X-Message-Number: 31028
Date: Mon, 8 Sep 2008 09:15:56 -0700 (PDT)
From:
Subject: Cryopreservation of whole murine and porcine livers.
[Looks worth checking out.]
Rejuvenation Res. 2008 Aug;11(4):765-72.
Cryopreservation of whole murine and porcine livers.
Gavish Z, Ben-Haim M, Arav A. Core Dynamics Ltd., Nes Ziona, Israel.,
Department of Animal Science, ARO, Bet Pagan, Israel.
Abstract Preservation of vascularized organs, such as the liver, is limited
to 24 h before destructive processes disqualify them for transplantation.

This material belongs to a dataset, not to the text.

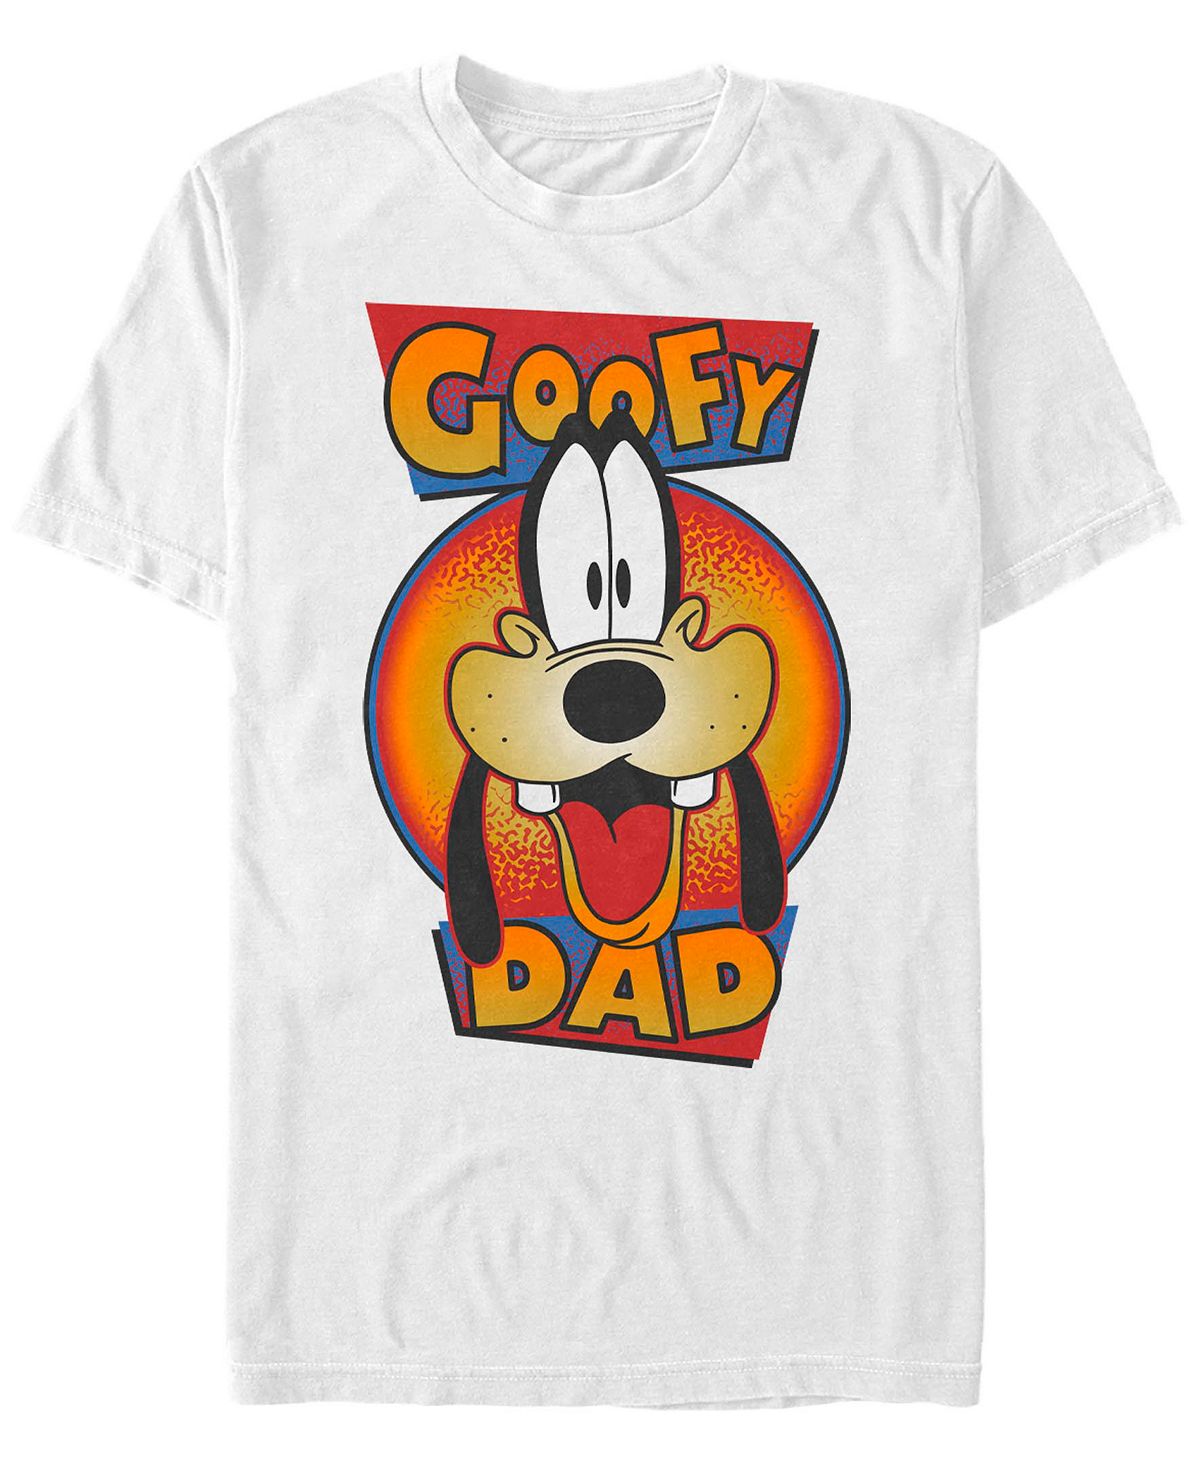 Мужская футболка с коротким рукавом goofy dad Fifth Sun, белый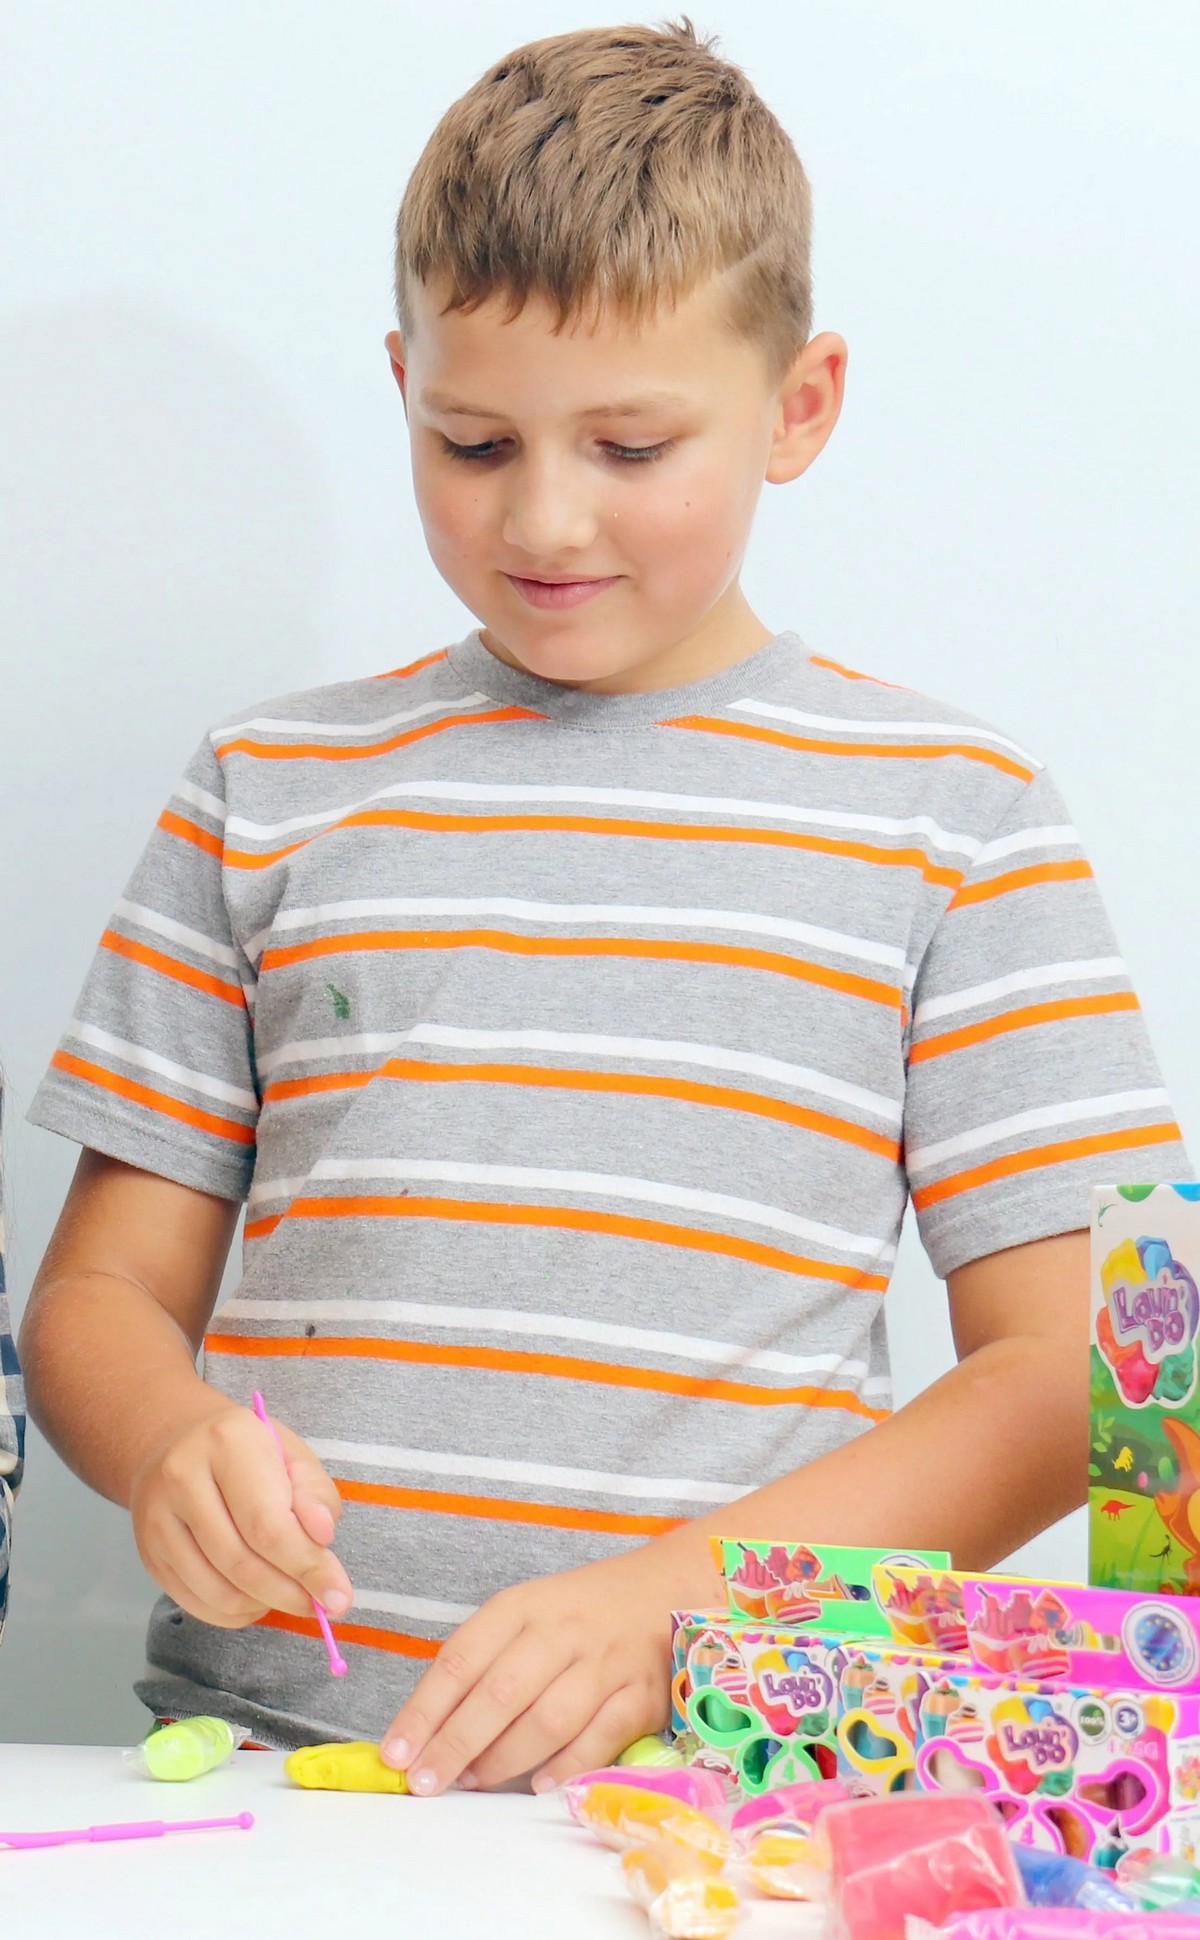 Knete Modellierung Knetmasse Kinder Spielzeug geschenk Idee Dinoland LovinD SET

This narrow window of opportunity prevents the performance of optimal
pathogen screening and matching tests and possibly results in the need for
retransplantation. Numerous problems are associated with freezing and
thawing a whole liver while preserving its viability upon thawing, including
complicated geometry, poor heat transfer, release of latent heat, and the
difficulty of generating a uniform cooling rate. On the basis of our past
success with sheep ovaries, we have now applied our novel freezing technique
to a larger solid organ, the liver. Whole rat and pig livers were frozen
and thawed using directional solidification apparatus, and viability of
these livers was tested by means of integrity and functionality in vitro and
in auxiliary liver transplantation. The thawed rat and porcine livers were
intact and demonstrated >80% viability. Histology revealed normal
architecture. Bile production and blood flow following auxiliary
transplantation were normal as well. Our encouraging results in applying
this novel cryopreservation technique in rat and pig livers suggest that
this method may enable better human organ donor-recipient matching in the
future.
PMID: 18729808
J Thorac Cardiovasc Surg. 2008 Mar;135(3):666-72, 672.e1.
Successful restoration of function of frozen and thawed isolated rat hearts.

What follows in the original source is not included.